To achieve maximum profitability Big Sugar needs to control outcomes -- first in elections, then the Florida legislature, Congress, and the White House, then in environmental agencies controlled by politics -- and finally, predictable rainfall on 450,000 acres of the Everglades Agricultural Area south of Lake Okeechobee.

Remarkably, in Florida -- the nation's center of sugar production -- Big Sugar had two native sons who failed to advance through the GOP presidential primary. Jeb Bush was the insider's choice. He had earned Big Sugar's confidence while governor, but according to a source, Jeb made an early decision to stand arm's length from sugar's sticky embrace. When his campaign finally sputtered on fumes, Jeb half-heartedly said the unmentionable: that he would not support the continued sugar subsidy in the Farm Bill. Marco Rubio, on the other hand, was unequivocally supportive of sugar subsidies. The Fanjul billionaires -- went "all in" with Marquito.

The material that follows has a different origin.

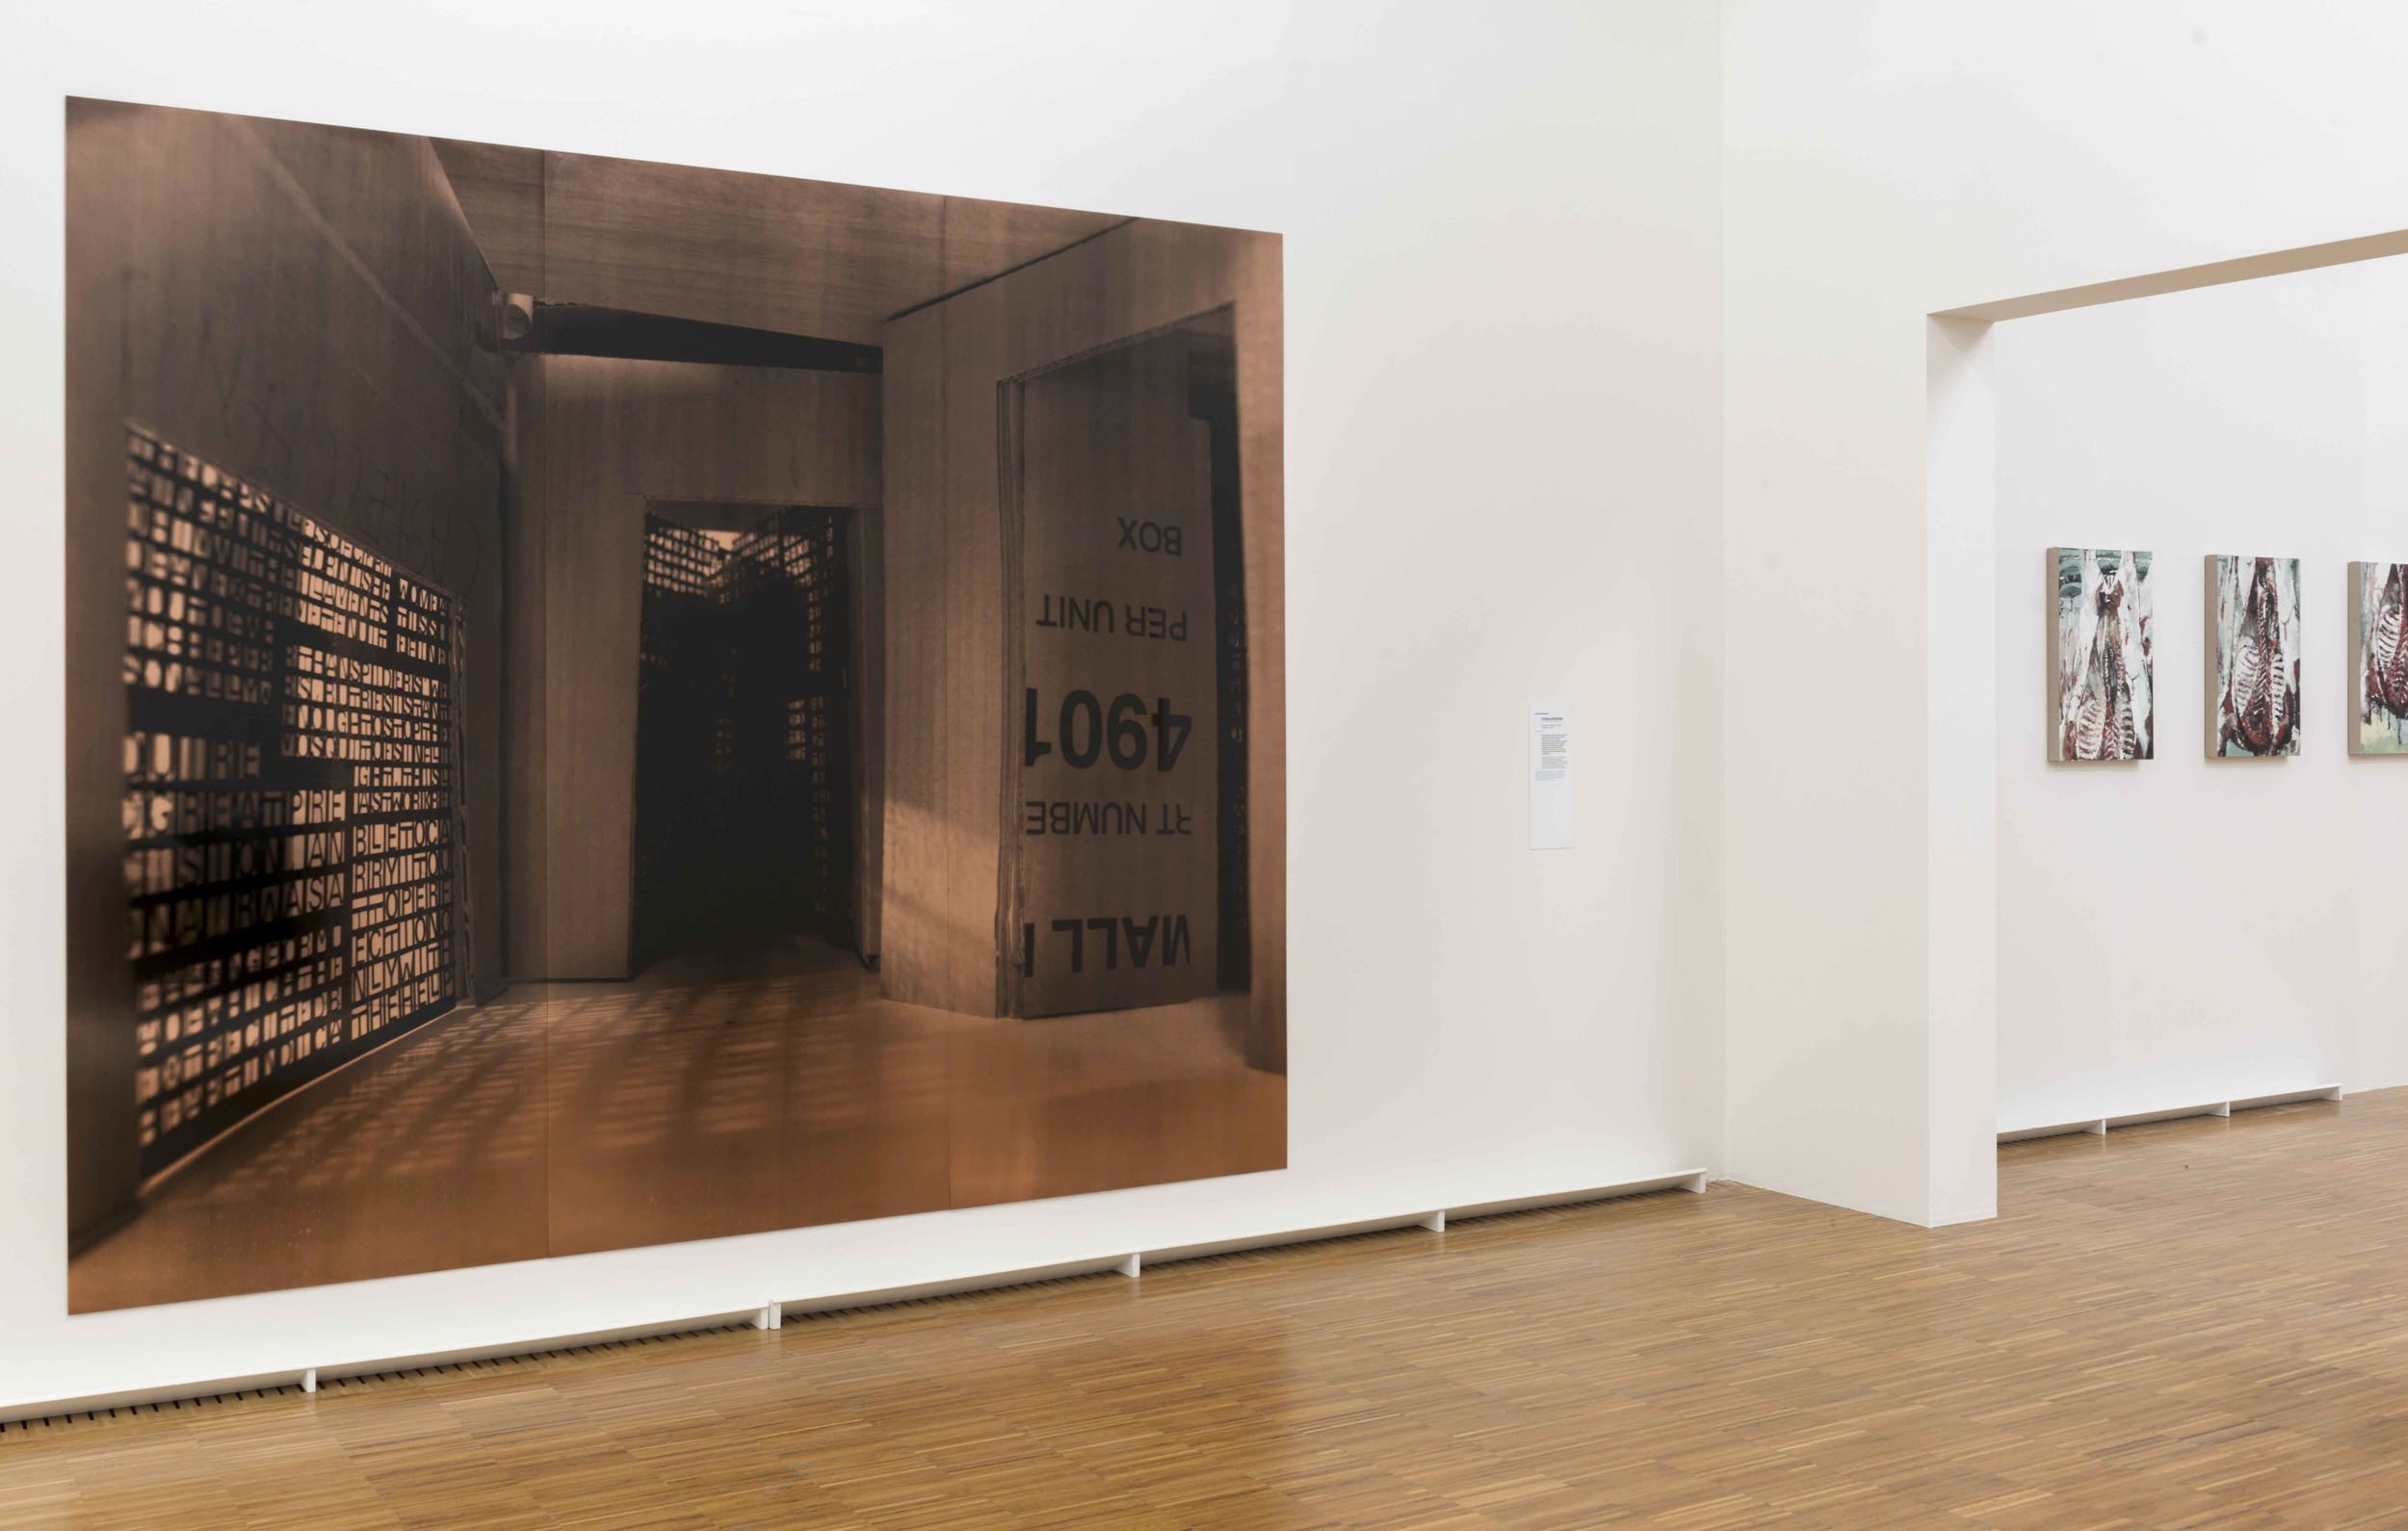   De Picasso à Warhol , Une Décennie d'Acquisitions, Musée de Grenoble (FR)&nbsp;2015. Curator Guy Tosatto.&nbsp;&nbsp;Artists in view: Cristina Iglesias, Philippe Cognee

Last night, when Donald Trump smashed Rubio in the Florida's GOP primary, Big Sugar found itself in an extraordinary position; both of the GOP presidential candidates it supported failed to carry Florida.

There is more bad news for Big Sugar. For the first-time civic opposition on the west coast of Florida and east coast -- afflicted by pollution spewing from Lake Okeechobee -- linked through social media to raise a ruckus that carried at the primary polls.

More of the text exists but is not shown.